Adam Levin, a cybersecurity expert, further discussed the term with reference to a new botnet named HEH that can delete data from infected systems such as IoT devices, routers, and servers. Developed by Netlab, a security researching company, the botnet proliferates using Telnet brute-force attacks against any system connected to the Internet. It runs Shell commands on the infected systems and erases the data from them, the article detailed.

IoT was also discussed by Yotam Gutman, marketing director at SentinelOne, a computer and network security firm, who shared an article on Nokia’s latest threat intelligence report that revealed the accelerated rate of cyberattacks with increasing IoT adoption.

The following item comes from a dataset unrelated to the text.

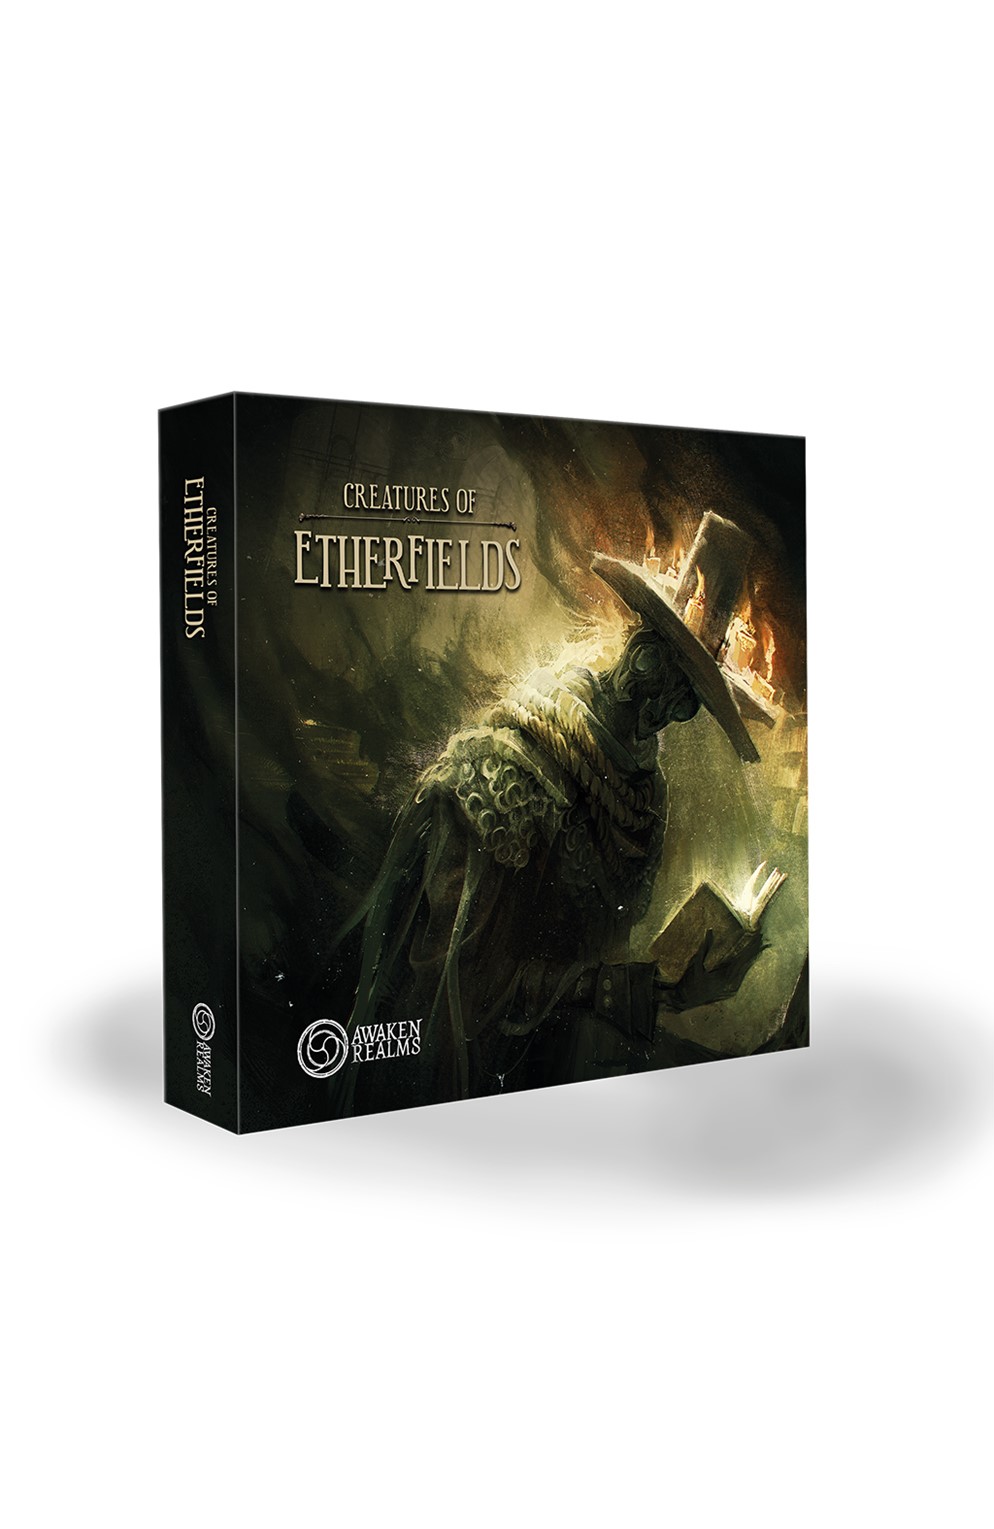 Etherfields: Creatures of the Etherfields

According to the article, Windows PC’s recorded the highest infection rate of 38.9%, followed by 32.7% of the IoT devices on mobile networks, up from 16.2% in 2019, the article highlighted.

5. Cloud – 470 mentions

Pandemic-induced shift towards cloud-based cybersecurity and zero trust architectures, the launch of software-as-a-service (SaaS)-based suites for cybersecurity across endpoints, cloud and web, and cloud environment complexity having surpassed human ability to manage, were popularly discussed in Q4 2020. Jane Frankland, a cybersecurity executive, discussed the importance of organisations adopting security standards that build security in right from the start and carefully monitor vulnerabilities.

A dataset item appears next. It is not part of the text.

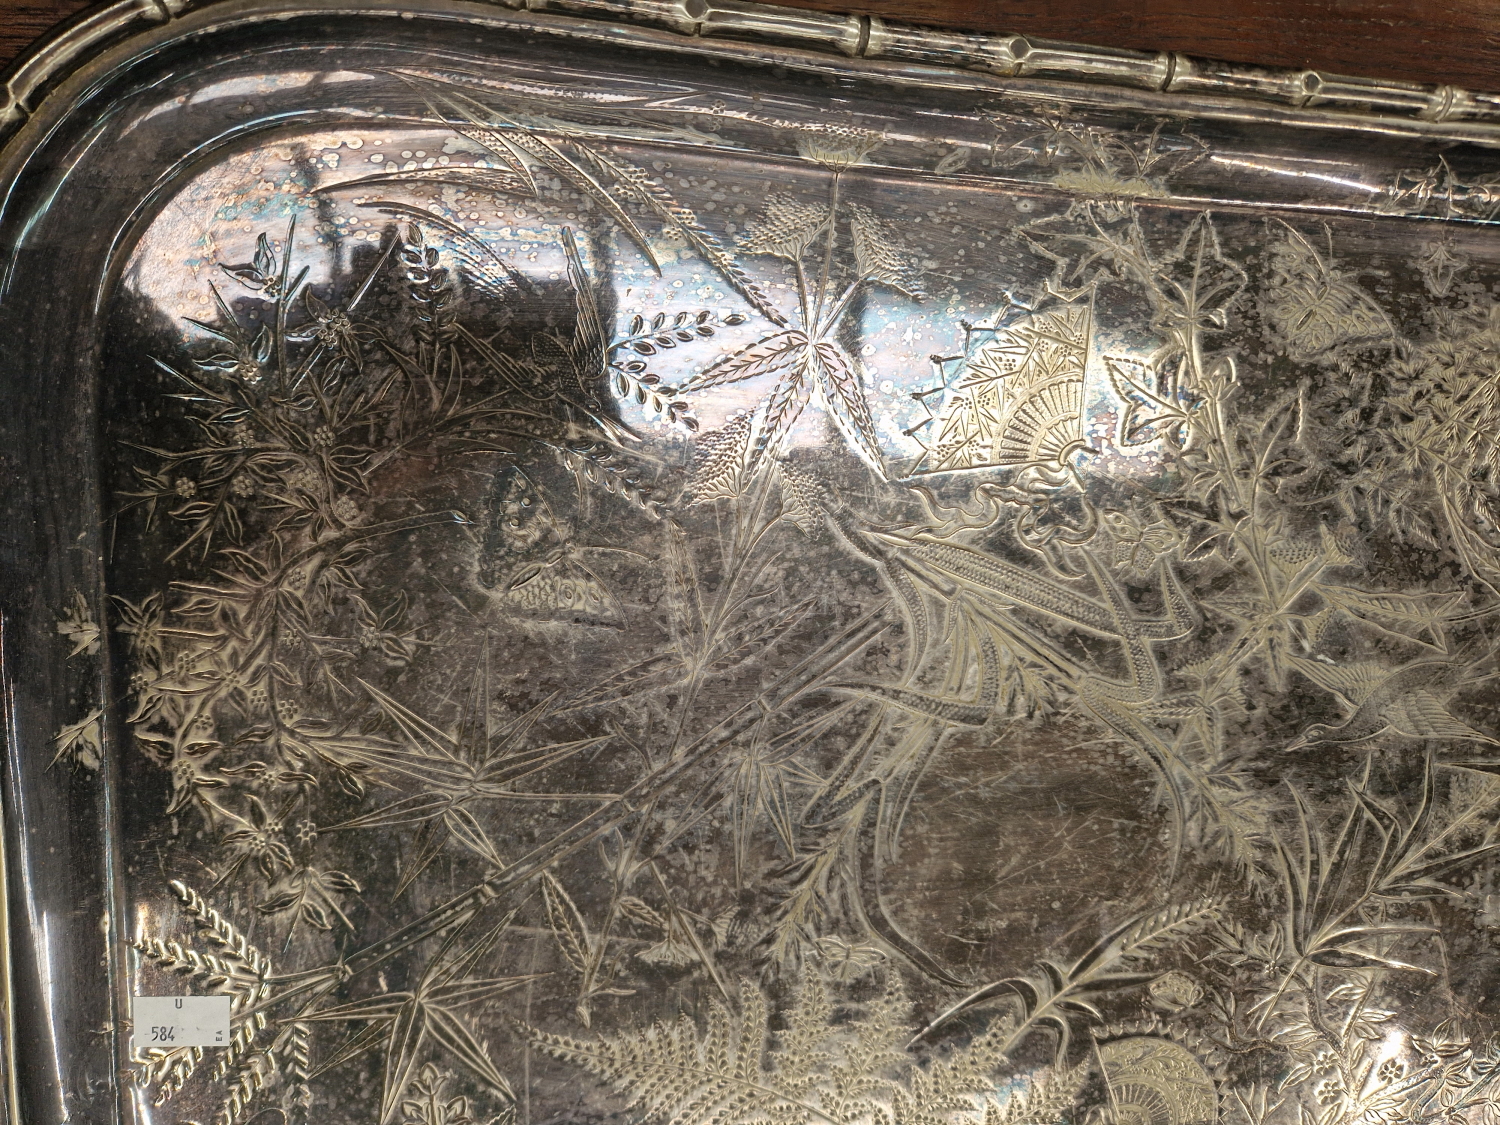 A LARGE SILVER PLATED TRAY IN THE AESTHETIC TASTE. - Image 4 of 6

As the pandemic has accelerated a shift to cloud-based cyber-security and zero trust architectures, it is crucial for organisations to include zero trust in the design of the new cloud infrastructure to track users’ access to information within an organisation, the discussion revealed.

Cloud was discussed by Sean Harris about McAfee releasing SaaS suites to protect and simplify digital transformation with the help of the MVISION portfolio for customers adopting a cloud first stance and requiring simple device-to-cloud protection. The McAfee Device-to-Cloud suites offers end-to-end protection for modern environments, the article detailed.

The term was also discussed by Neira Jones, a payment and information security expert, on how 63% of chief information officers (CIOs) stated that the complexity in the cloud environment has exceeded human’s ability to manage it. The article details how the need for digital transformation has pressurised digital teams, while as much as $4.8m have been spent every year by nearly half of the IR and cloud operations teams. About 74% of the CIOs further believe that the accelerated use of cloud-native technologies will put humans under extreme pressure in the years ahead.